* WORK ITEM
The output should be every line below, retyped exactly, with no images.

== DATASET EXTRACT ==

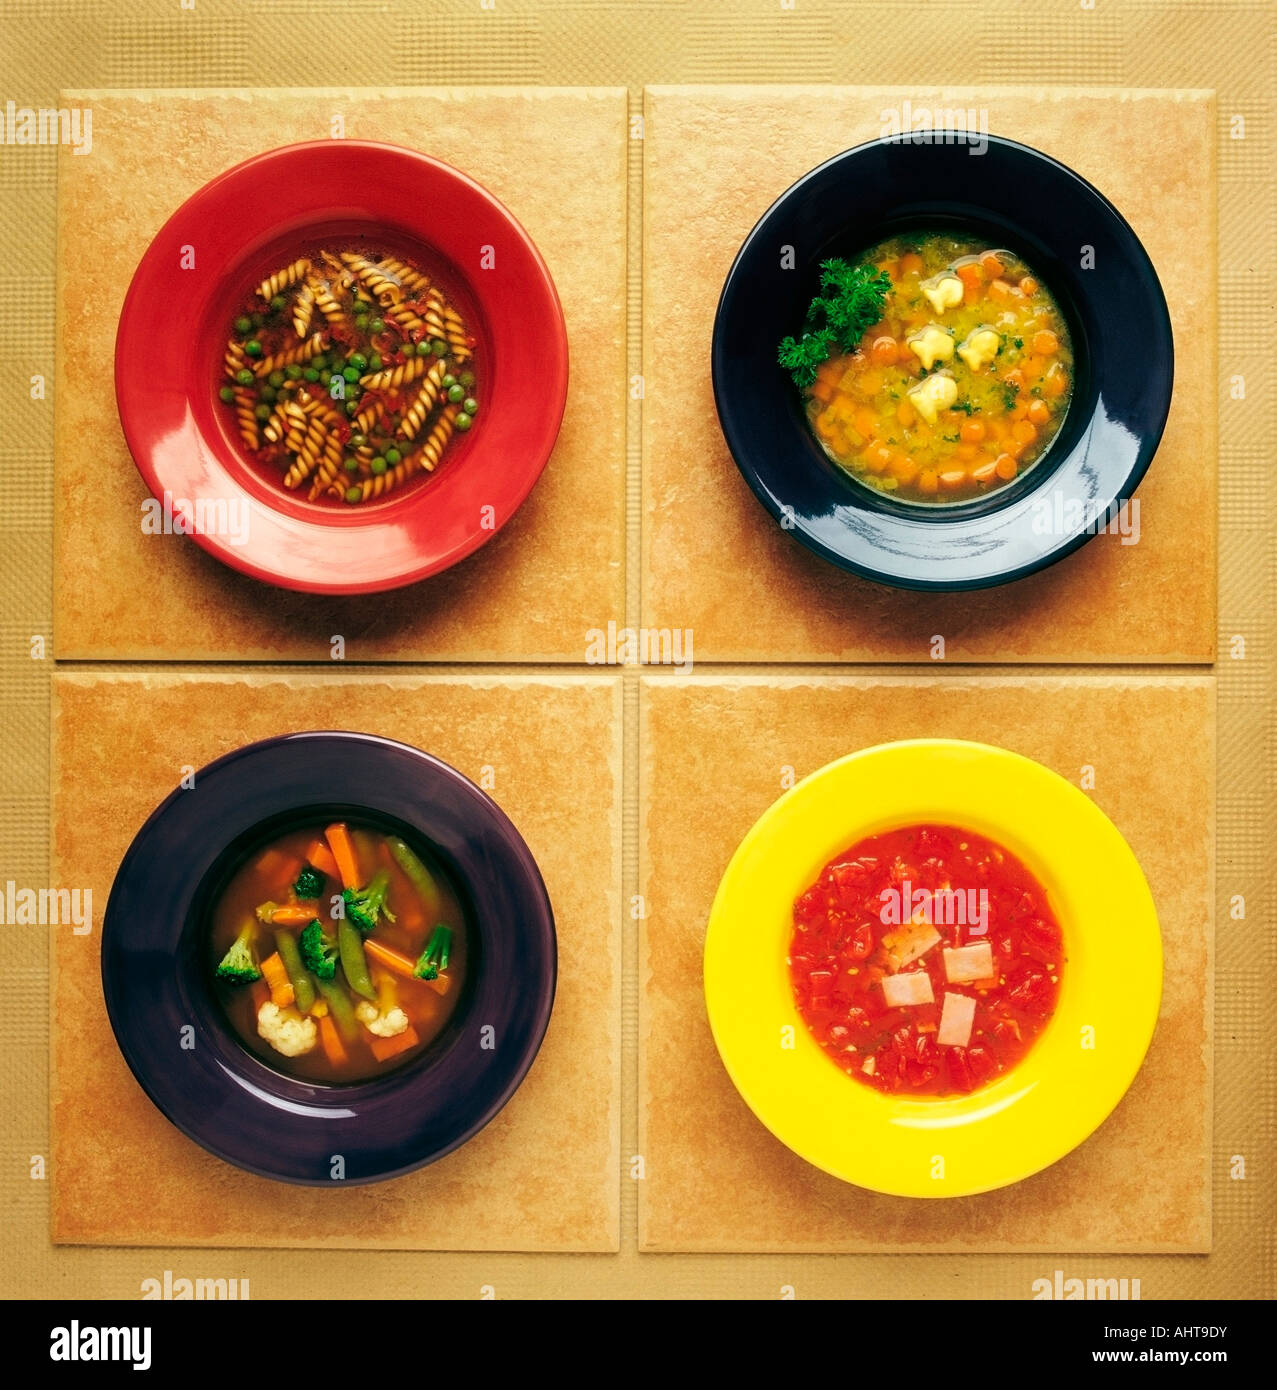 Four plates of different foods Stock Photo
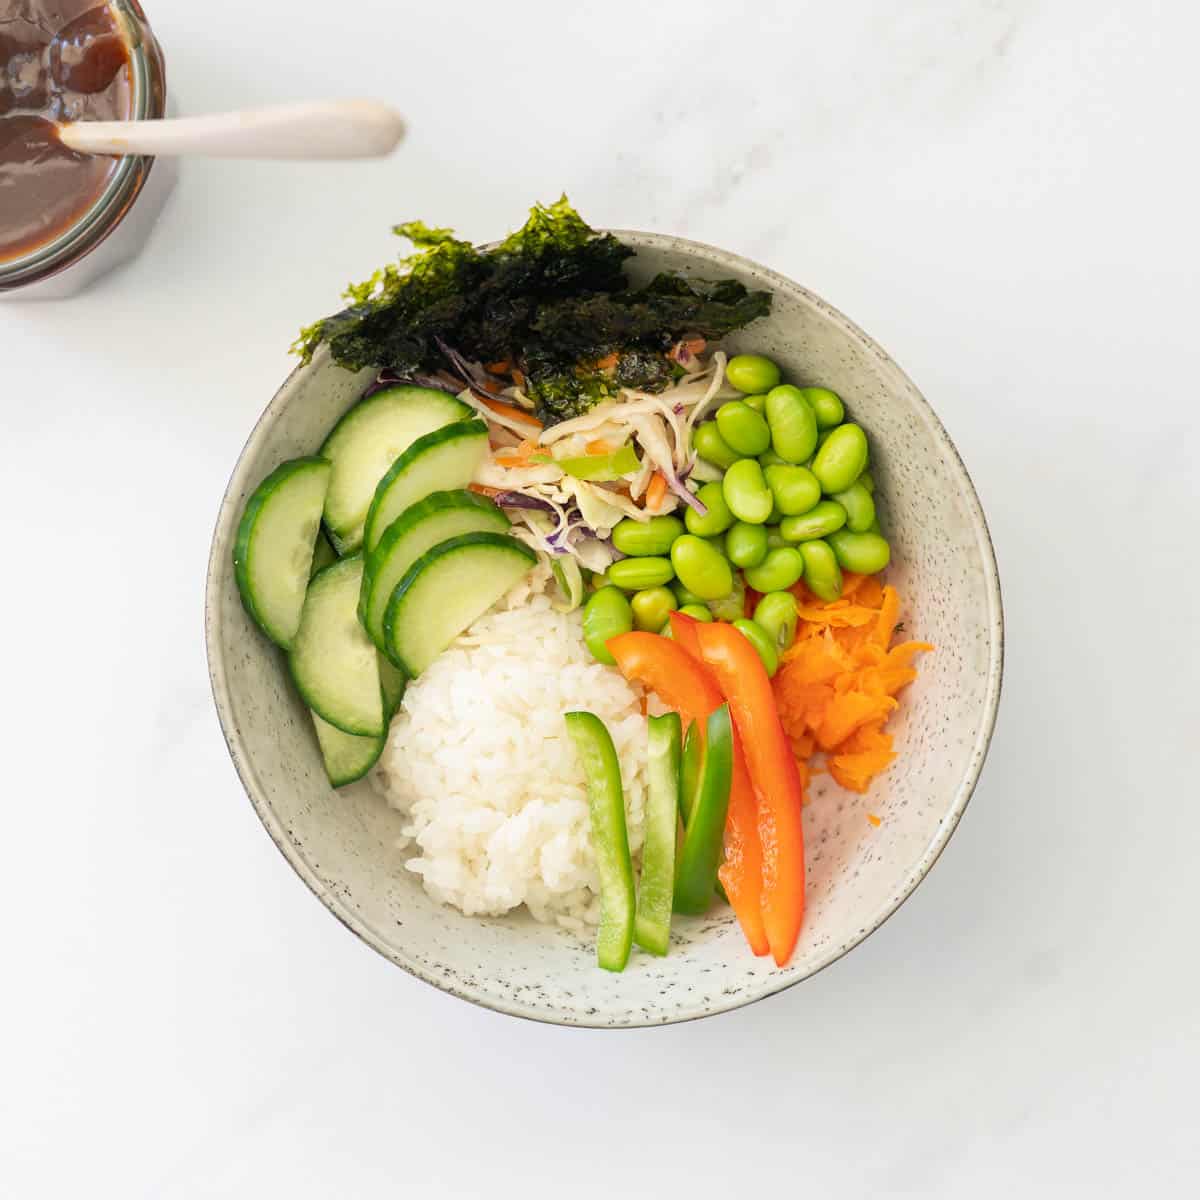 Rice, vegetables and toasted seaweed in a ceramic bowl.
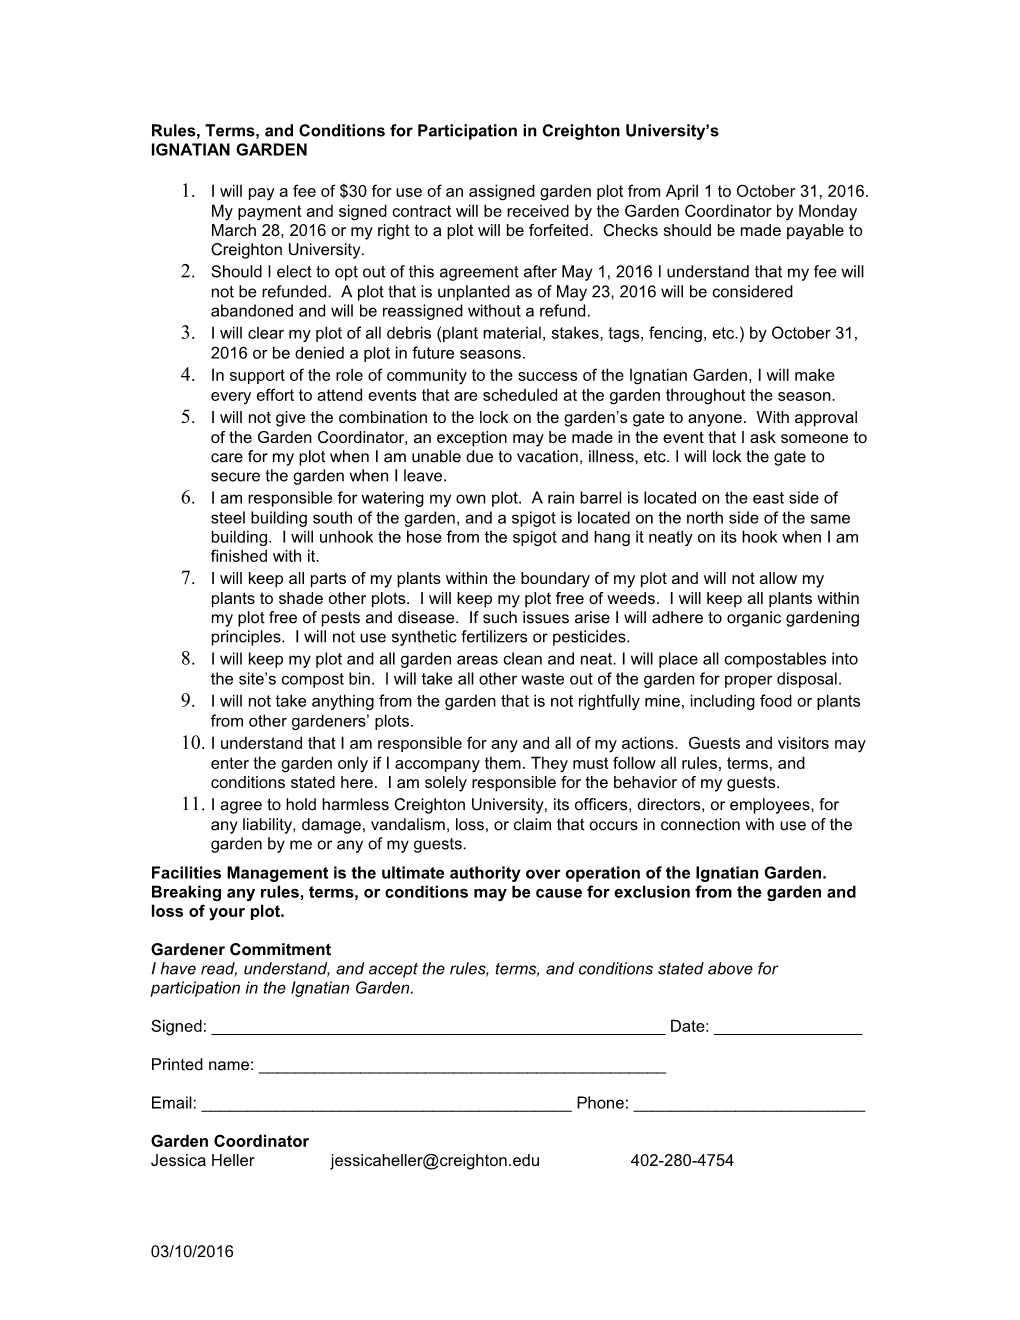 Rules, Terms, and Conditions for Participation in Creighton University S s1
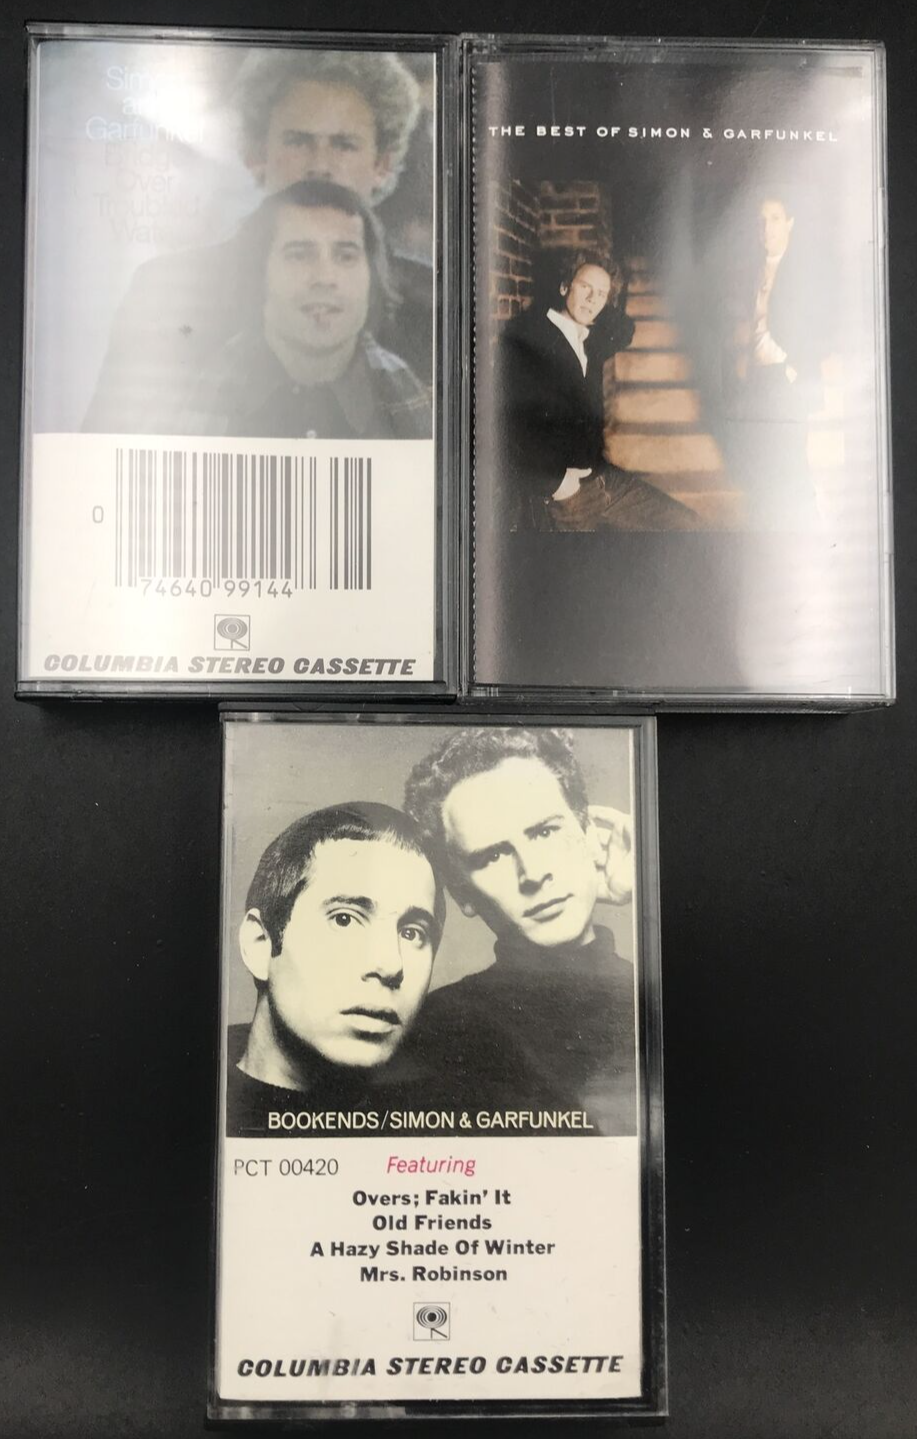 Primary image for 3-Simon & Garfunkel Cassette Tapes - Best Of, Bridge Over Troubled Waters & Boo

===

* RESULT
 Four plates of different foods Stock Photo
 Rice, vegetables and toasted seaweed in a ceramic bowl.
 Rules, Terms, and Conditions for Participation in Creighton University S s1
 Primary image for 3-Simon & Garfunkel Cassette Tapes - Best Of, Bridge Over Troubled Waters & Boo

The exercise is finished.